For durability, prefer AOF over frequent RDB
AOF Configuration:
appendonly no
FAIL: AOF disabled — data loss window = RDB interval
With save 300 10, up to 5 minutes of data lost on crash
FIX: appendonly yes
appendfsync everysec (good balance of performance and durability)
auto-aof-rewrite-percentage 100
auto-aof-rewrite-min-size 64mb
FAIL: No hybrid persistence (RDB + AOF)
Redis 4.0+ supports aof-use-rdb-preamble for faster restart
FIX: aof-use-rdb-preamble yes
AOF file starts with RDB snapshot, followed by append-only log
Combines fast restart (RDB) with minimal data loss (AOF)
WARN: stop-writes-on-bgsave-error = yes
If RDB snapshot fails, Redis stops accepting writes
Correct for primary data store, too strict for cache
FIX: For cache workloads: stop-writes-on-bgsave-error no
Replica Persistence:
FAIL: Replicas have RDB enabled (same schedule as master)
RISK: Fork storm — master and all replicas fork simultaneously
FIX: Disable RDB on replicas, rely on replication + master RDB:
replica: save ""
Exception: Enable on ONE replica for backup purposes
Step 6: Review Connection and Client Settings
The agent checks connection configuration:
Connection Analysis:
FAIL: maxclients = 10000 (default)
System file descriptor limit: 1024 (ulimit -n)
Redis needs: maxclients + 32 (internal FDs) = 10032
But only 1024 FDs available — effective maxclients = 992
FIX: Increase system limit:
/etc/security/limits.conf: redis soft nofile 65535
OR: Reduce maxclients to match available FDs
FAIL: timeout = 0 (no idle timeout)
Idle connections never close — accumulate until maxclients reached
RISK: Connection leak exhausts available connections
FIX: timeout 300 (close idle connections after 5 minutes)
WARN: tcp-keepalive = 300 (default)
Dead connections detected after 5 minutes of silence
For latency-sensitive apps, reduce to detect failures faster
FIX: tcp-keepalive 60
FAIL: No requirepass configured
Redis accessible without authentication
RISK: Data exposure, unauthorized access, crypto mining attacks
FIX: requirepass <strong-password>
AND: For Redis 6+, use ACL system for fine-grained access:
user app on >password ~app:* +@read +@write -@admin
Application Connection Pool:
Python (redis-py):
pool = redis.ConnectionPool(max_connections=50)

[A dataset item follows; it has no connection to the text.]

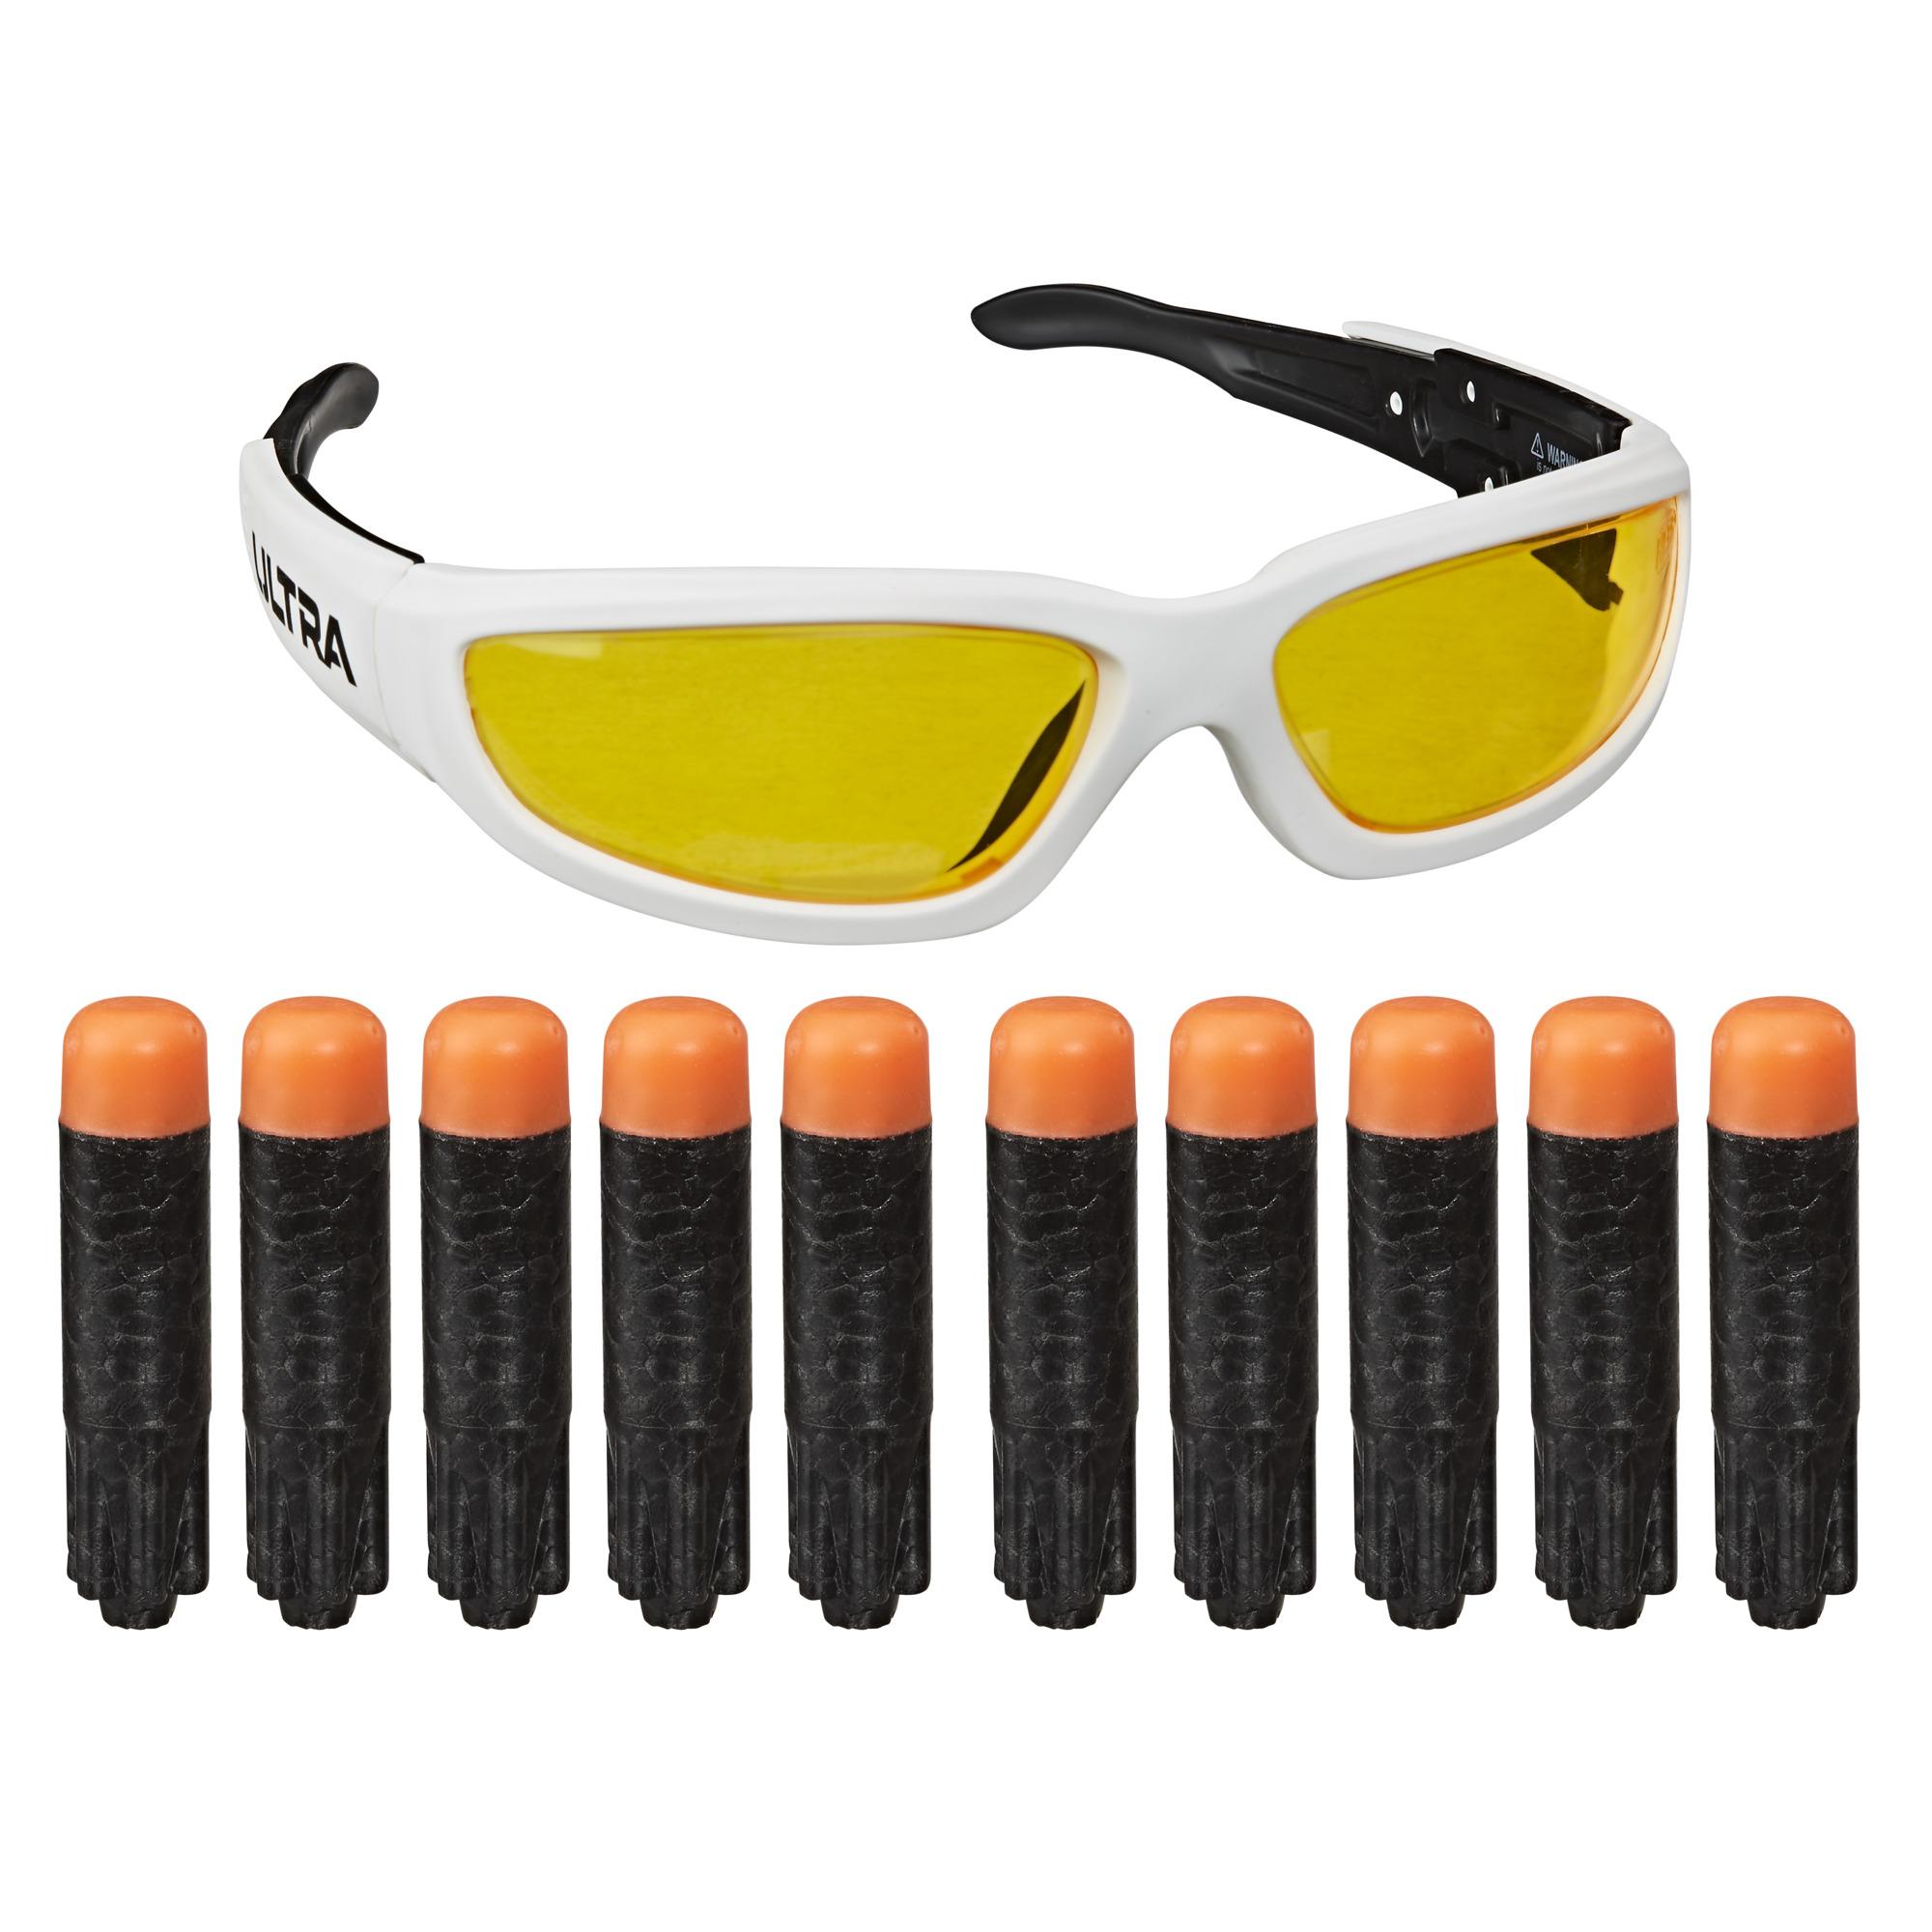 Nerf Nerf Ultra Vision Gear Brille und 10 Nerf Ultra Darts Set gelb

WARN: max_connections = 50 per application instance
With 10 app instances = 500 connections to Redis
Plus Sentinel connections = ~515 total
Verify: 515 < maxclients (992 effective)
PASS: Within limits
FAIL: No connection timeout configured
ConnectionPool(max_connections=50)
FIX: ConnectionPool(
max_connections=50,
socket_timeout=5,
socket_connect_timeout=2,
retry_on_timeout=True,
health_check_interval=30,
)
FAIL: No retry strategy for connection failures
Single connection failure raises exception to application
FIX: Use retry decorator or Retry class:
from redis.retry import Retry
from redis.backoff import ExponentialBackoff
retry = Retry(ExponentialBackoff(), 3)
Redis(retry=retry, retry_on_error=[ConnectionError, TimeoutError])

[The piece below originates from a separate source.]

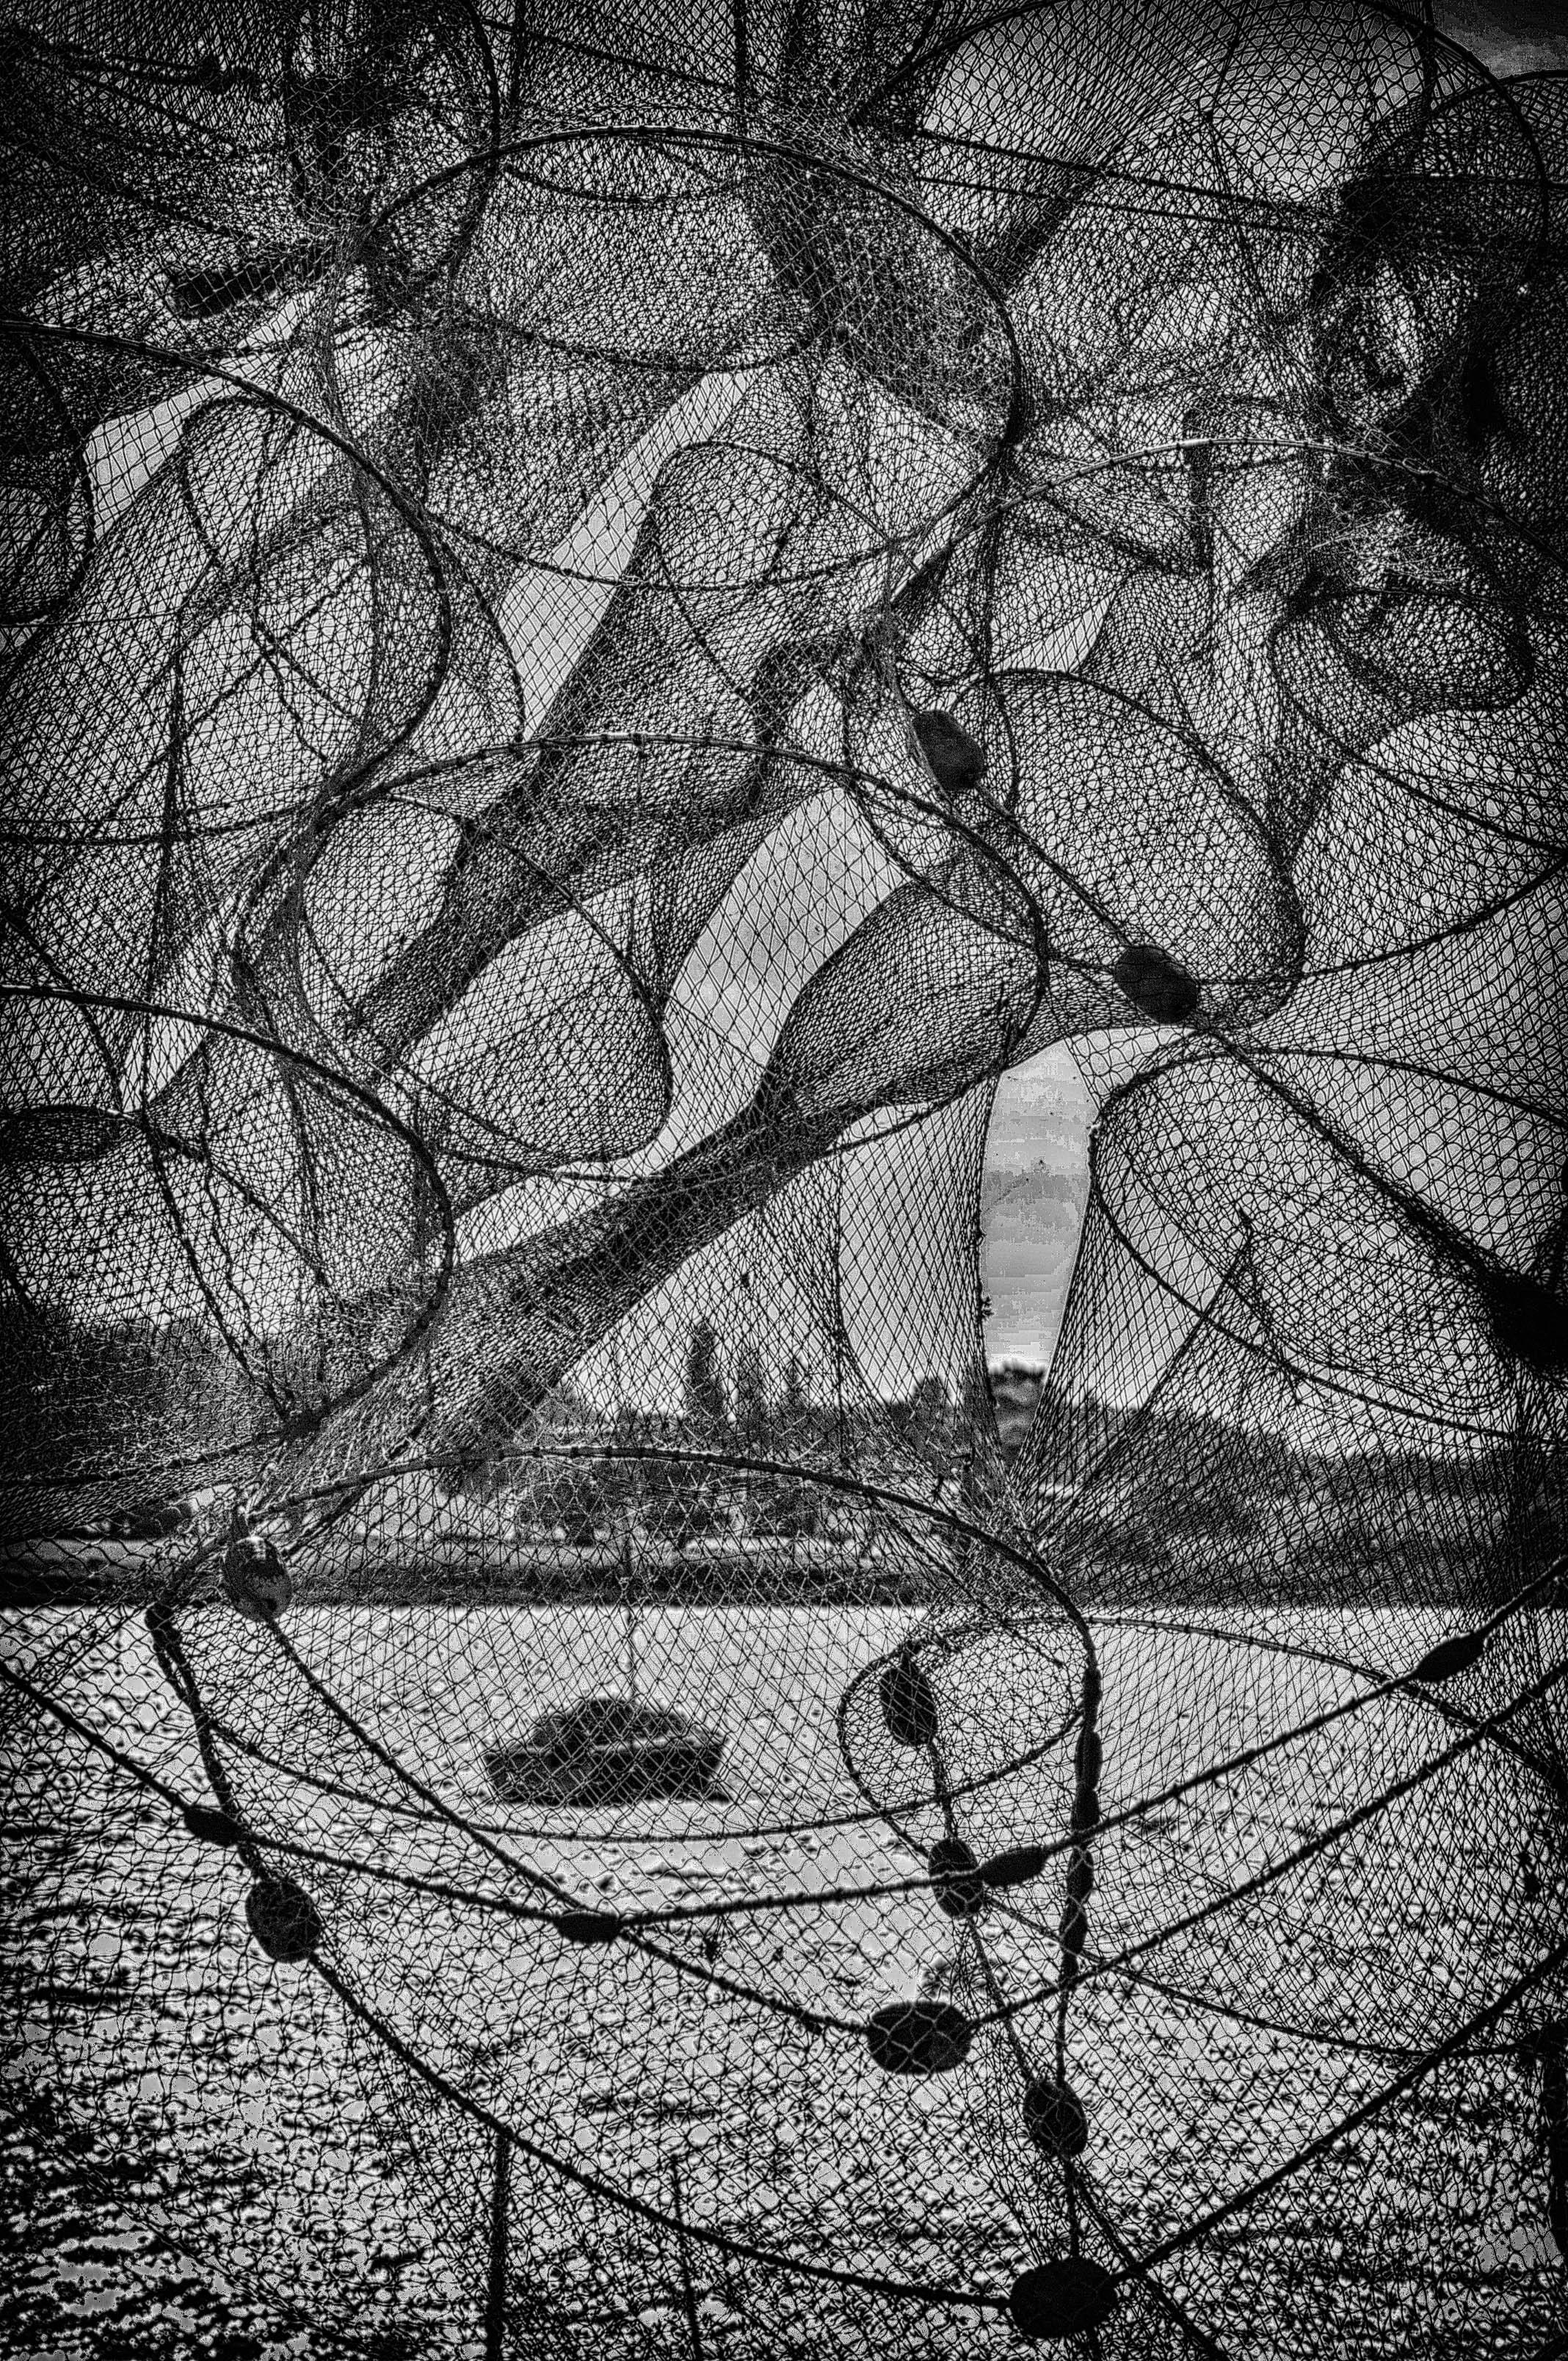 Fishingnets

Step 7: Analyze Key Design Patterns
The agent reviews key naming and TTL strategy:
Key Pattern Analysis:
FAIL: No consistent key naming convention
Found patterns: "user:123", "USER_123", "cache-user-123", "u.123"
FIX: Standardize on colon-delimited hierarchy:
{service}:{entity}:{id}:{field}
app:user:123:profile
app:session:abc-def
app:cache:products:category:5
FAIL: 45% of keys have no TTL set
Total keys: 2.1M, keys without TTL: 945K
RISK: Memory grows unbounded — keys never evicted (if policy=volatile-*)
FIX: Set TTL on all cache keys:
SET key value EX 3600 (1 hour)
For session data: match session expiry
For cache: match data freshness requirements
WARN: TTL distribution skewed
Keys with TTL < 60s: 12%
Keys with TTL 60s-1h: 8%
Keys with TTL 1h-24h: 15%
Keys with TTL > 24h: 20%
Keys with no TTL: 45%
RECOMMEND: Review keys with TTL > 24h — do they need to persist that long?
FAIL: Large keys detected (> 1 MB)
cache:all_products — 12 MB (JSON string)
RISK: Large key operations block event loop (single-threaded)
GET on 12 MB key takes ~6ms — blocks all other clients
FIX: Break into smaller keys or use Redis Hash with HSCAN
OR: Compress before storage: zlib.compress(json.dumps(data))
WARN: Hot key detected
cache:homepage_feed — 50K reads/sec from monitoring
RISK: Single master handles all reads for this key
FIX: Read from replicas for hot keys:
Redis(read_from_replicas=True) (cluster mode)
OR: Implement client-side caching (Redis 6+ client tracking)
FAIL: Key pattern "lock:*" without TTL safety
Distributed locks without TTL — if holder crashes, lock held forever
FIX: Always set TTL on lock keys:
SET lock:resource value NX EX 30
Use Redlock algorithm for distributed locking across nodes
Step 8: Review Replication Health
The agent checks replication configuration:
Replication Analysis:
Master: 10.0.1.20:6379
Connected replicas: 2
Replication backlog: 1 MB (default)
Min replicas to write: 0
FAIL: repl-backlog-size = 1mb (default)
If replica disconnects for > backlog duration, full resync required
Full resync on 4 GB dataset: ~30 seconds of high CPU + network
FIX: repl-backlog-size 256mb
Size = write_rate_bytes_per_sec * max_acceptable_disconnect_seconds
At 1 MB/s writes: 256 MB covers 256 seconds of disconnect
FAIL: min-replicas-to-write = 0 (default)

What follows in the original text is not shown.